Thursday, May 23, 2013
We have open sourced the categorization
libary that powers the fast dynamic
labels and clusters on the Helioid site. This
library is built to prioritize performance over accuracy. The library takes
label quality into account by first generating a set of labels and then assigning
documents to those labels, we have found that this increases the likelihood of producing
meaningful labels.
The below example shows how to create a set of labeled cluster from documents. First
include the categorize library.
require 'categorize'
include Categorize
Then define your set of documents.
documents = [
'lorem ipsum dolor',
'sed perspiciatis unde',
'vero eos accusamus',
'vero eos accusamus iusto odio'
]
Now make a model based on an additional query term, lorem, in this case.
Model.make_model('lorem', documents)
=> {
'ipsum' => [0],
'sed perspiciatis' => [1],
'vero' => [2, 3]
}
The model output is a map of cluster labels to documents within those clusters.

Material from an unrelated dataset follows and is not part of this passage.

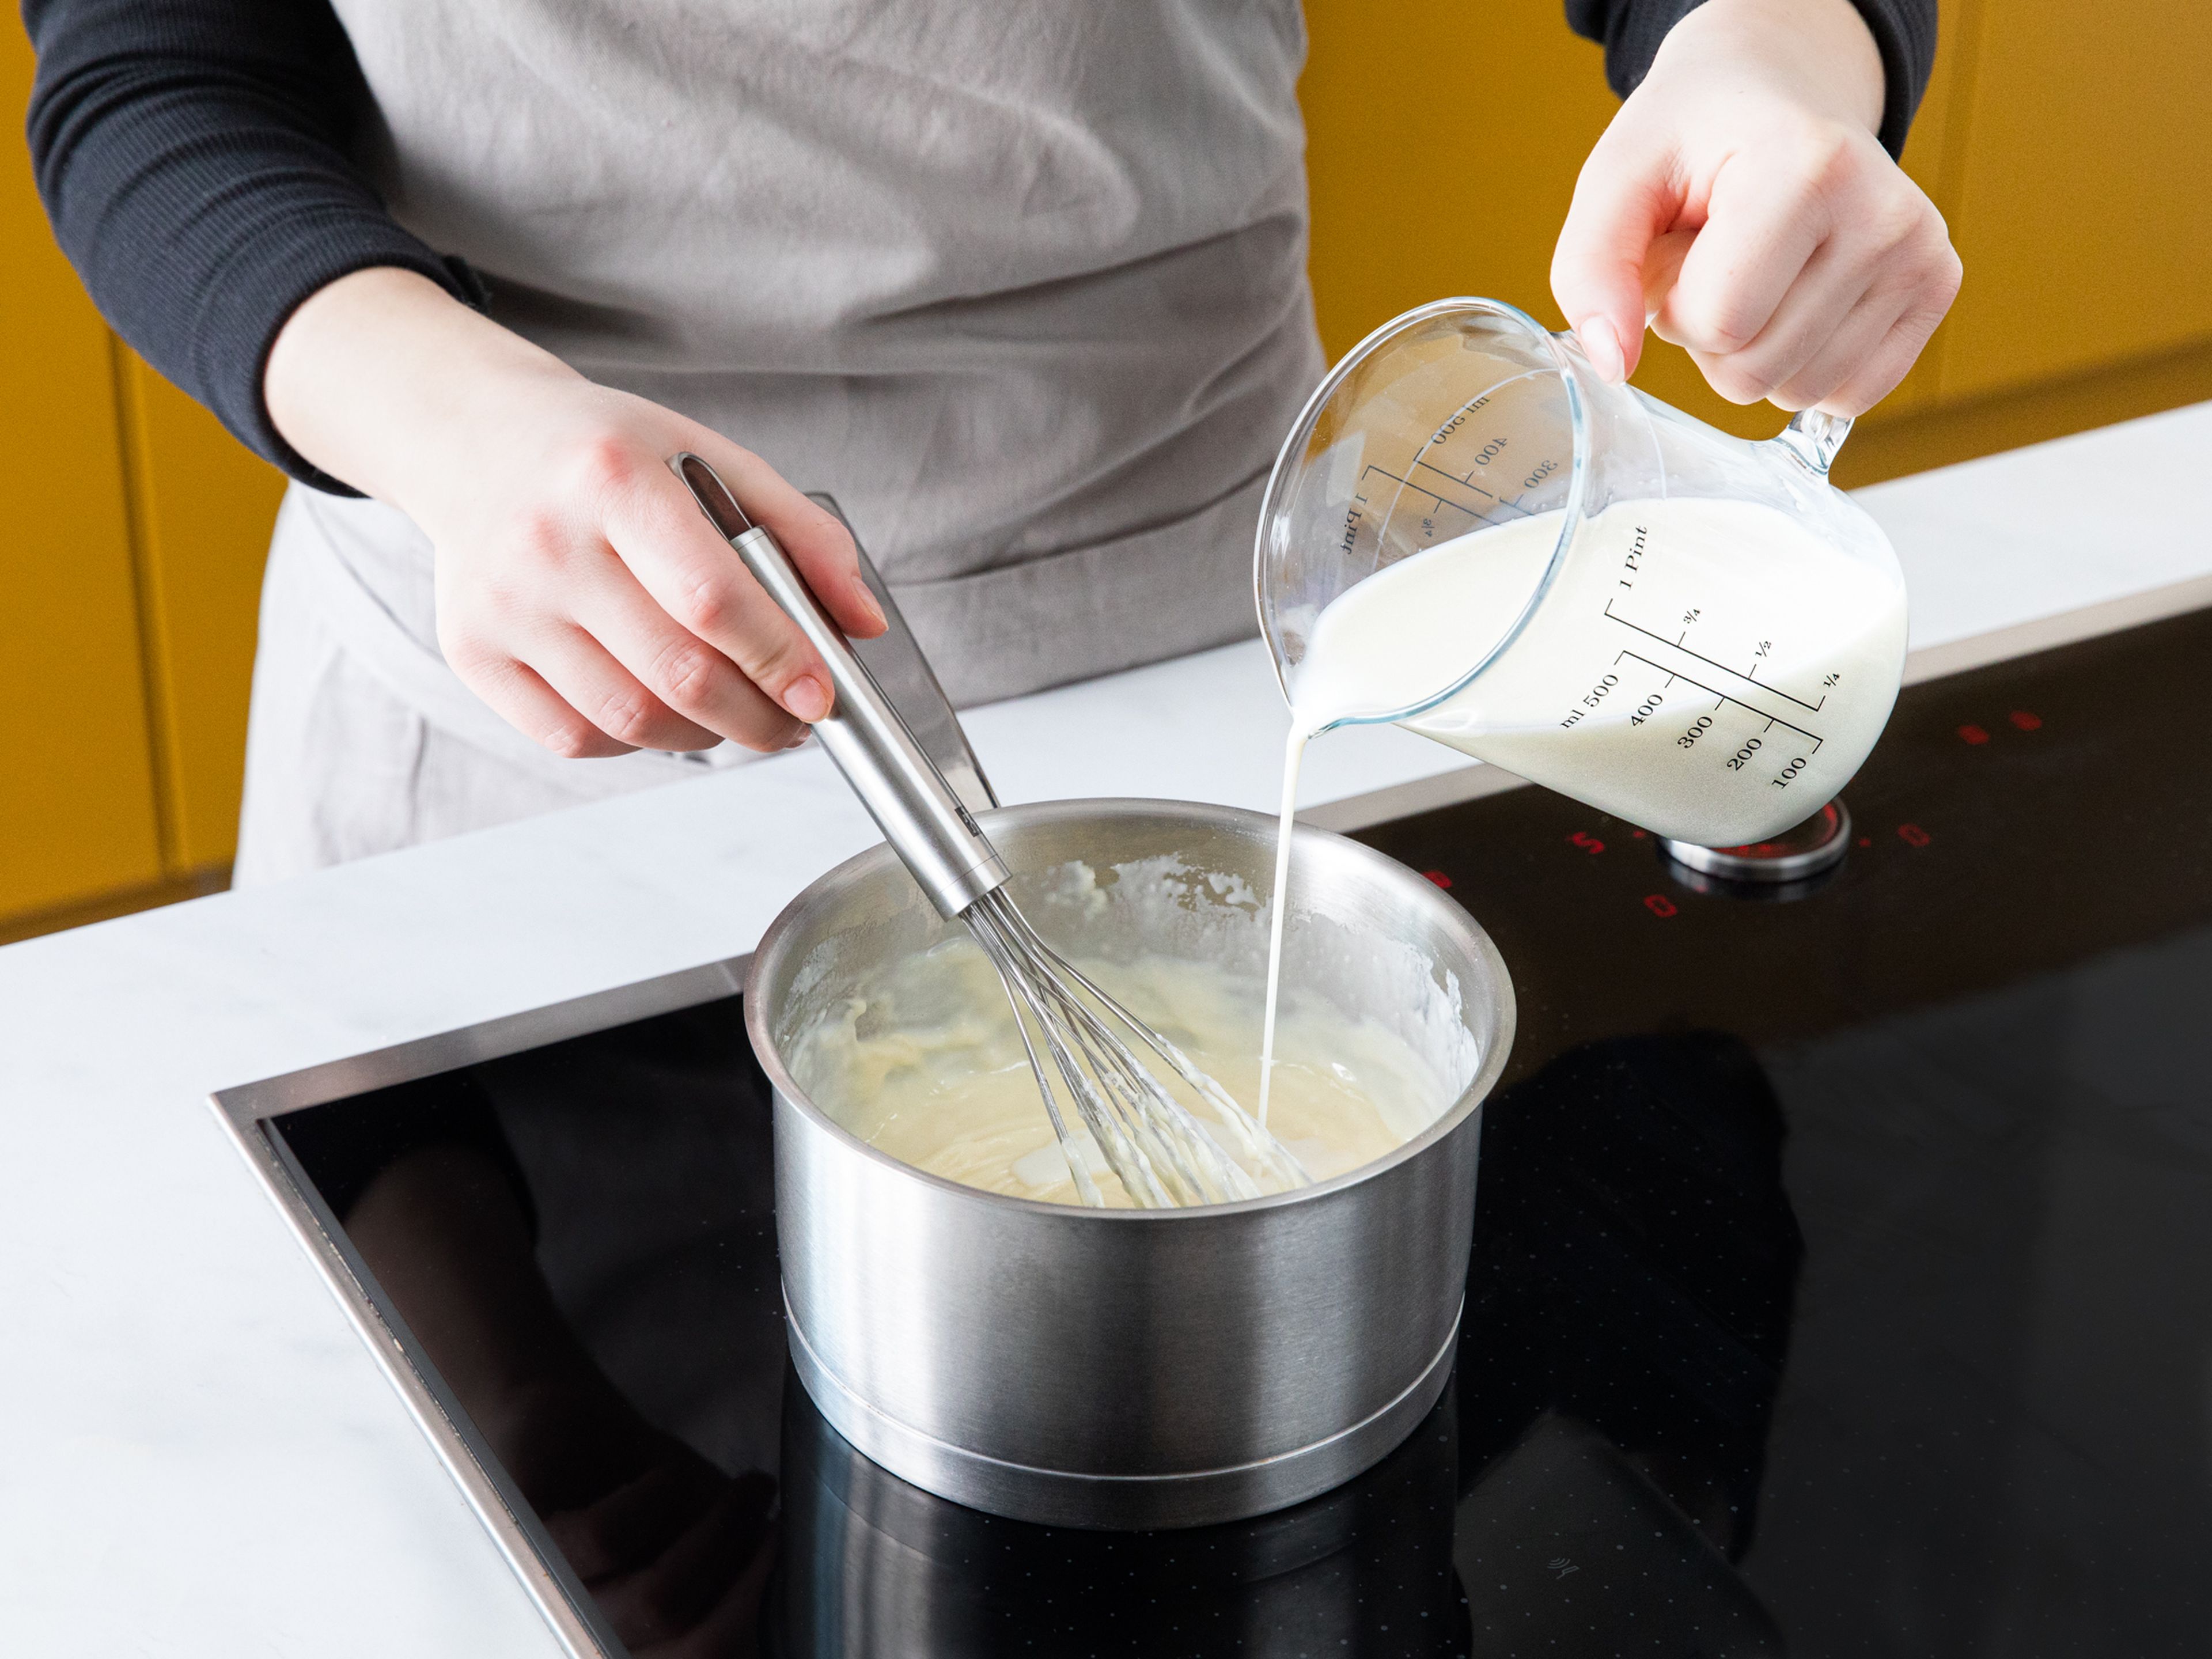 Den Ofen auf 200°C vorheizen. Für die Béchamelsauce, die Butter in einem kleinen Topf schmelzen. Mehl dazugeben und unter Rühren anrösten. Nach und nach und unter ständigem Rühren Milch hinzugeben und die Hitze reduzieren, für ca. 5 Min. Mit Muskat, Salz und Pfeffer abschmecken.
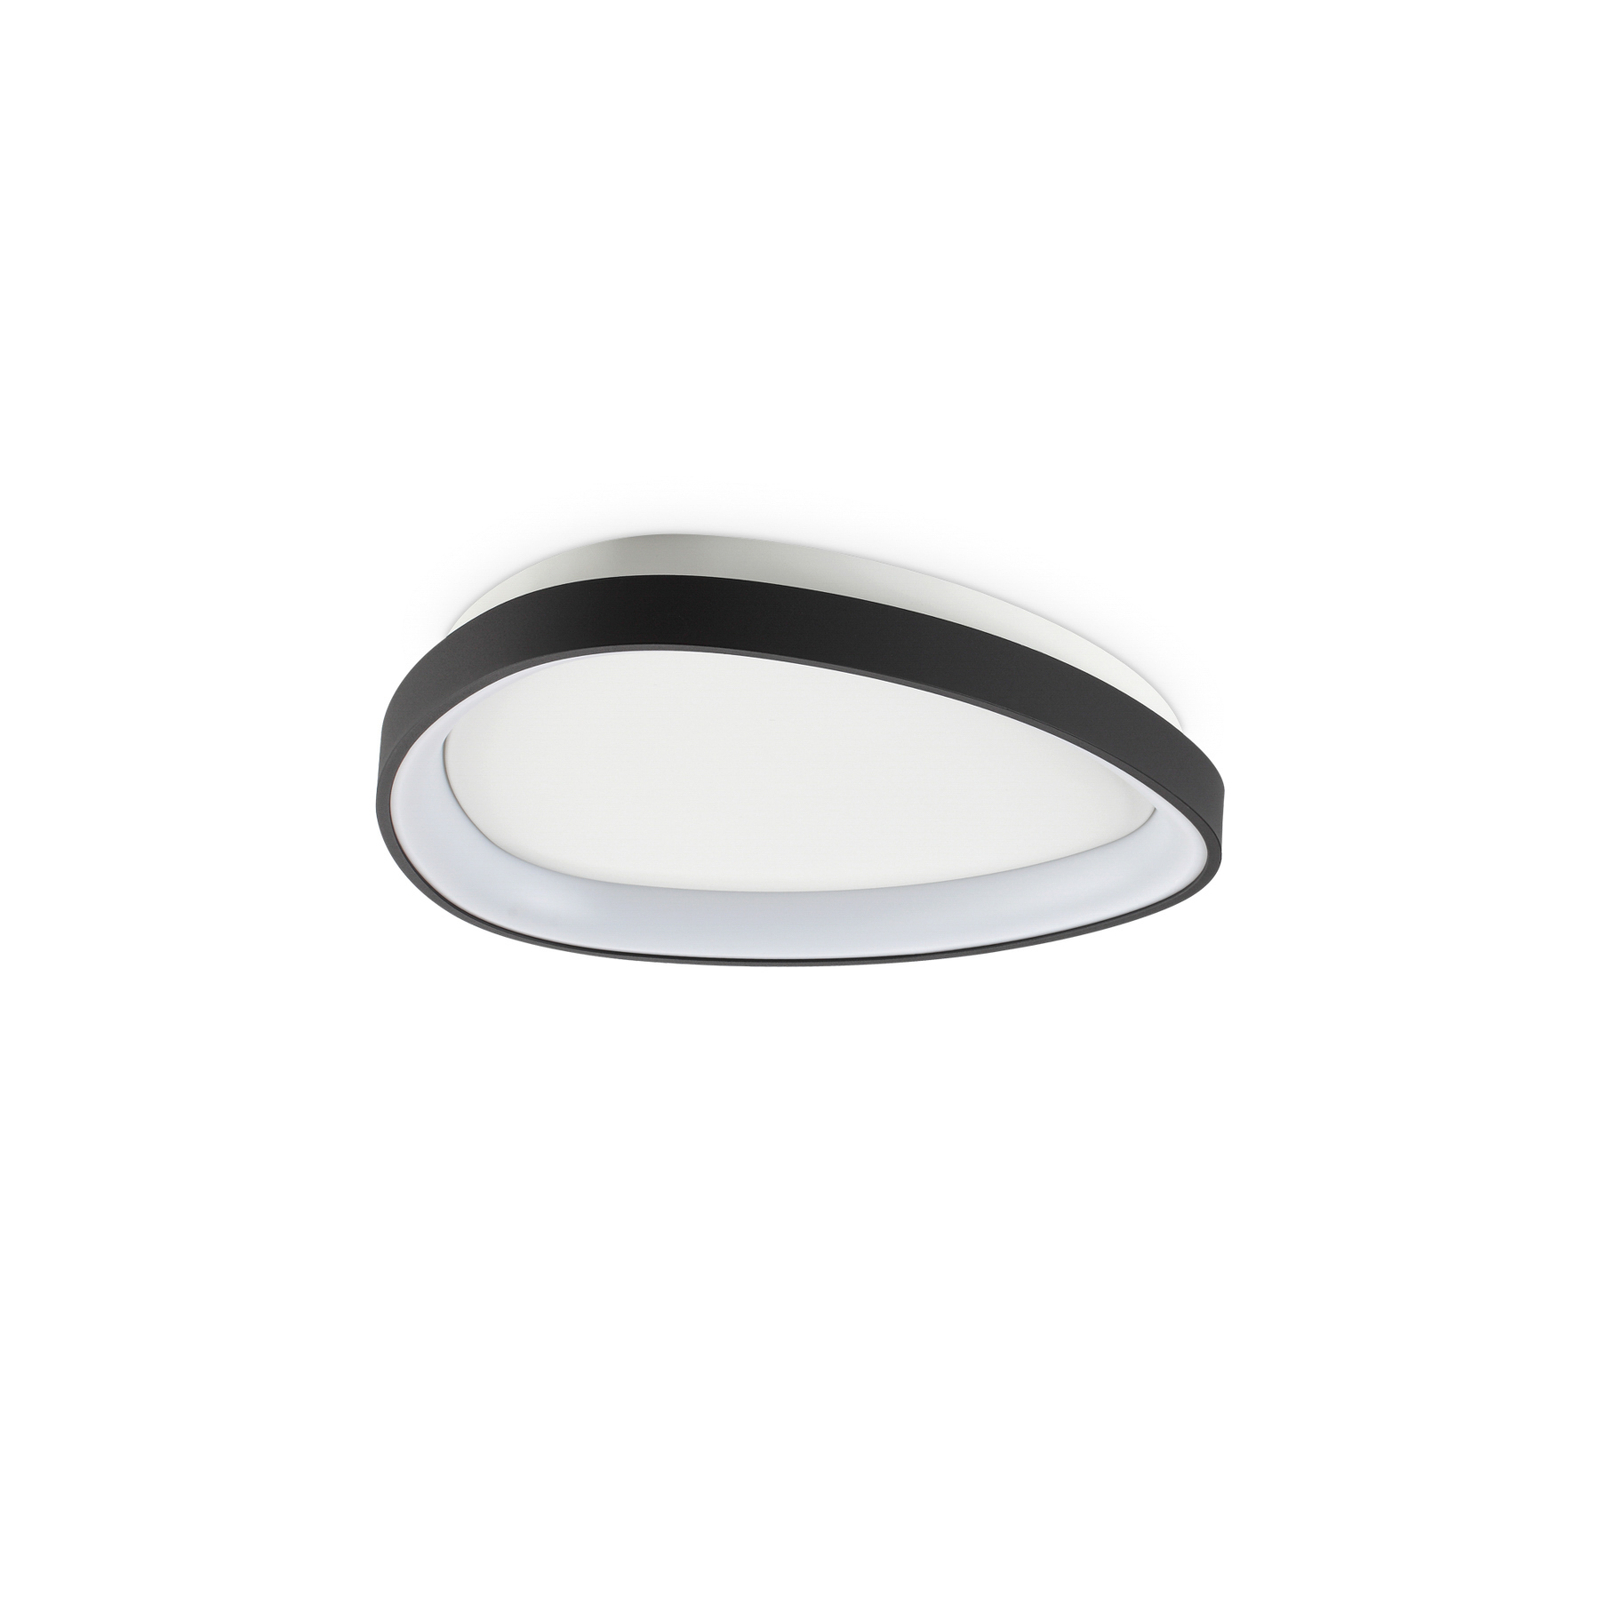 Ideal Lux Gemini LED stropna svetilka, črna, 42,5 cm, vklop/izklop

Install the gem and try it out.
Sunday, January 13, 2013
Prabhas Pokharel presented our paper, Improving
Data Collection and Monitoring through Real-time Data Analysis
on Friday at ACM DEV 2013 in Bangalore.
The poster is below:
The paper was coauthored with Prabhas Pokharel, Mark Johnston, and Vijay
Modi. The abstract is below:
Feedback based on real-time data is
increasingly important for ICT-based interventions in the developing world.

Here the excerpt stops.